Supplied material:

-- -- --

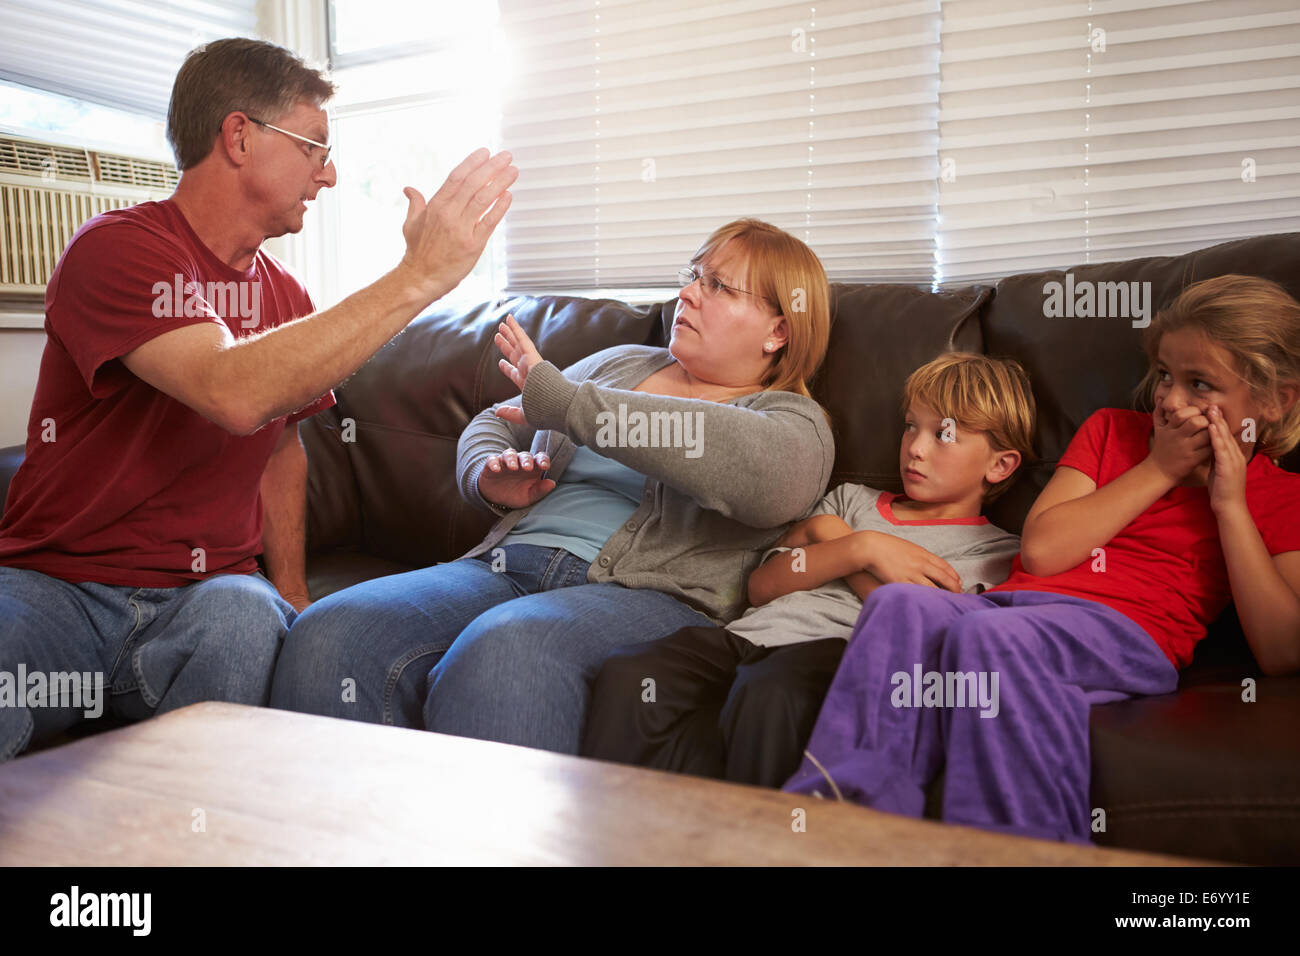 Physically Abusive Father With Family On Sofa Stock Photo
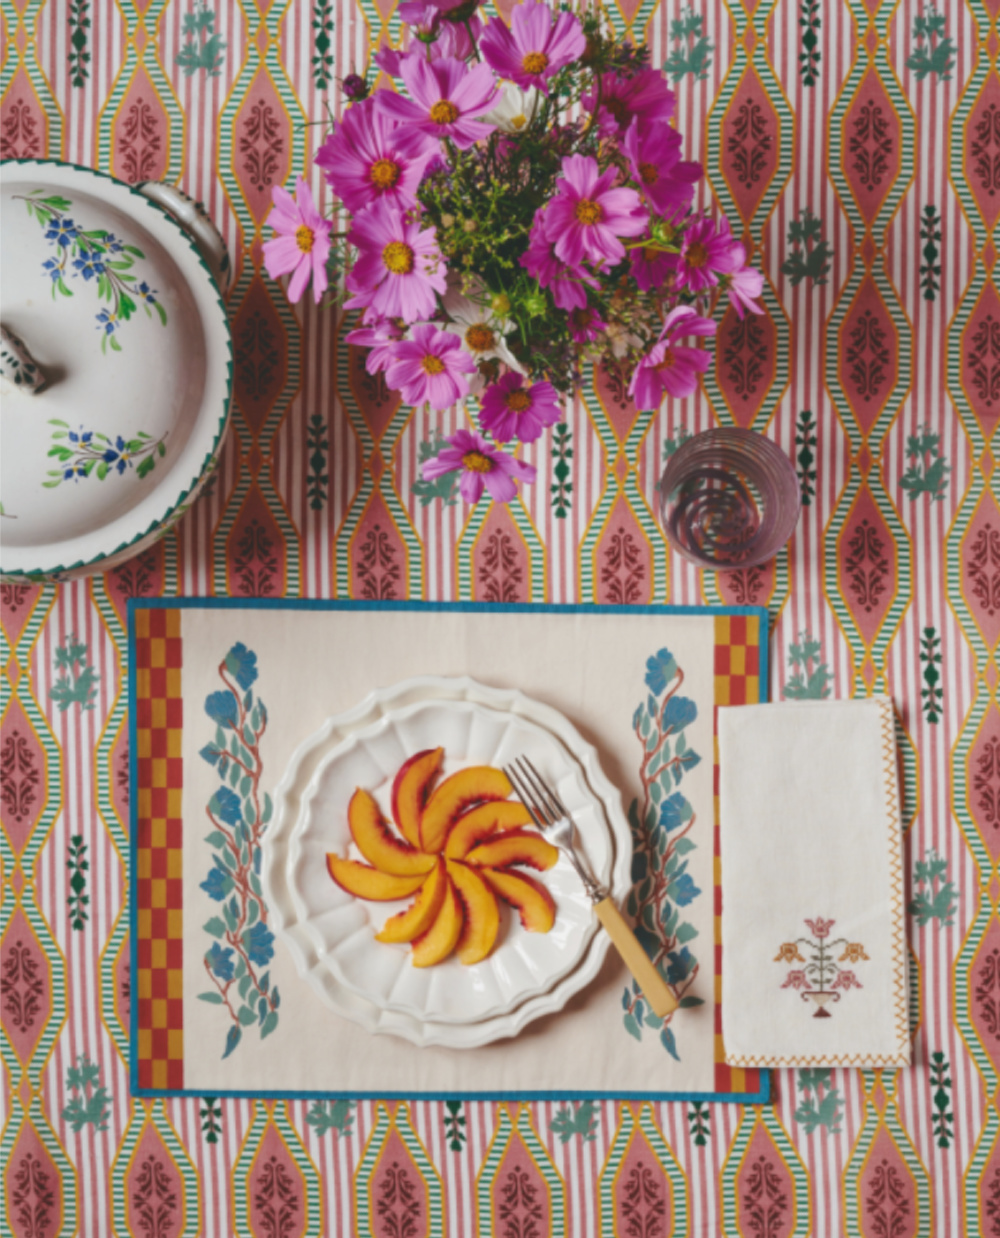 Vivid colorful Rosa Tableccloth (Casa Cabana) and beautiful tablescape with flowers and peaches on a plate - Martina Mondadori. #tablescapes #colorfultablecloth
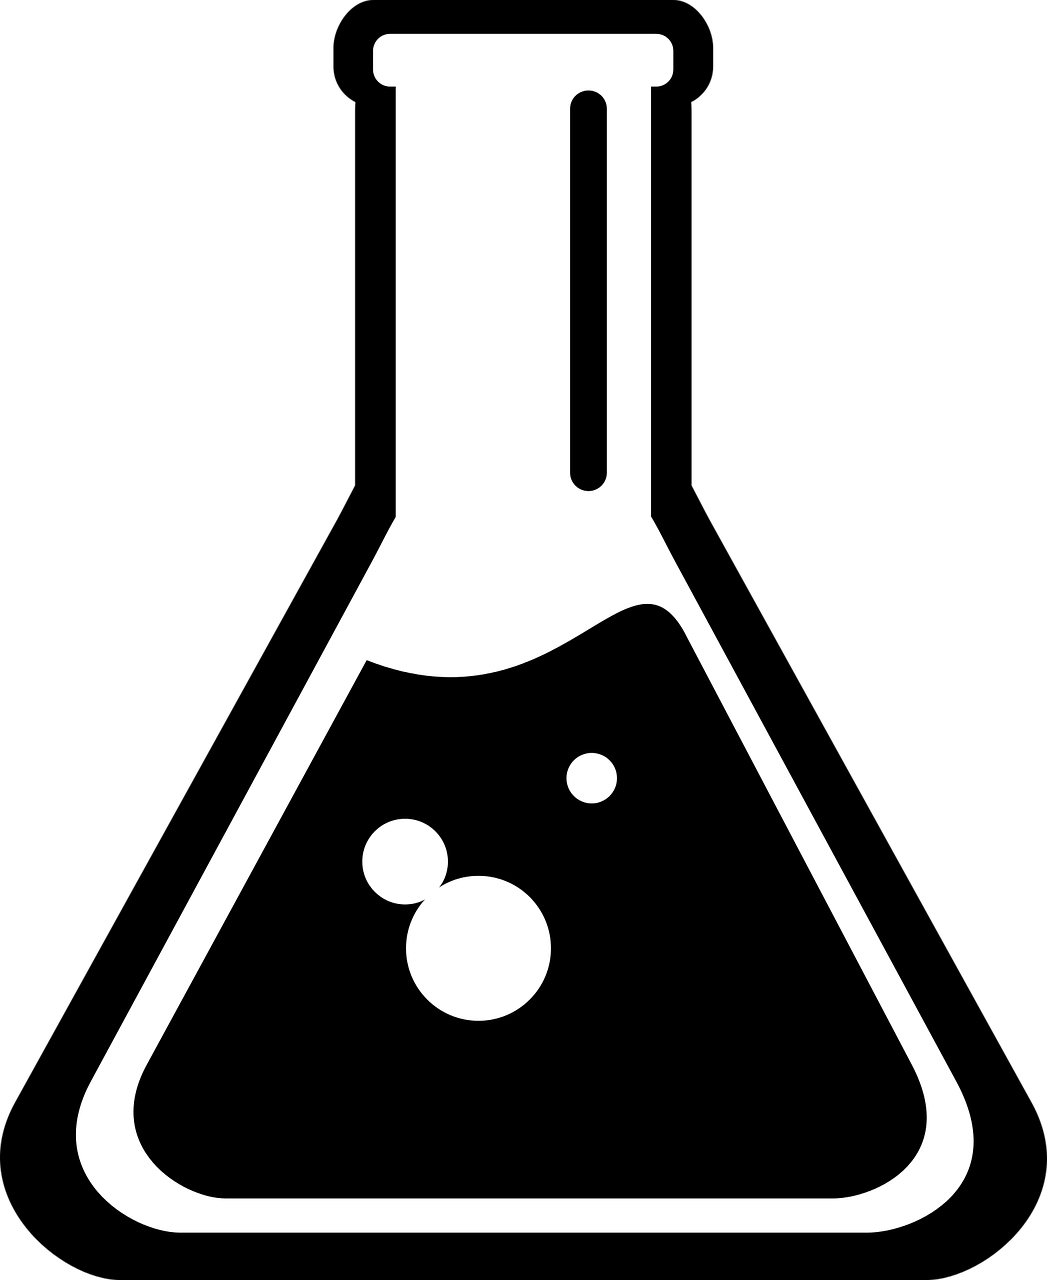 Chemical,science,science icon,free vector graphics,free pictures ...

-- -- --

About this exercise:
Output an exact copy of the material, with the pictures removed.

Answer area:
 Physically Abusive Father With Family On Sofa Stock Photo
 Vivid colorful Rosa Tableccloth (Casa Cabana) and beautiful tablescape with flowers and peaches on a plate - Martina Mondadori. #tablescapes #colorfultablecloth
 Chemical,science,science icon,free vector graphics,free pictures ...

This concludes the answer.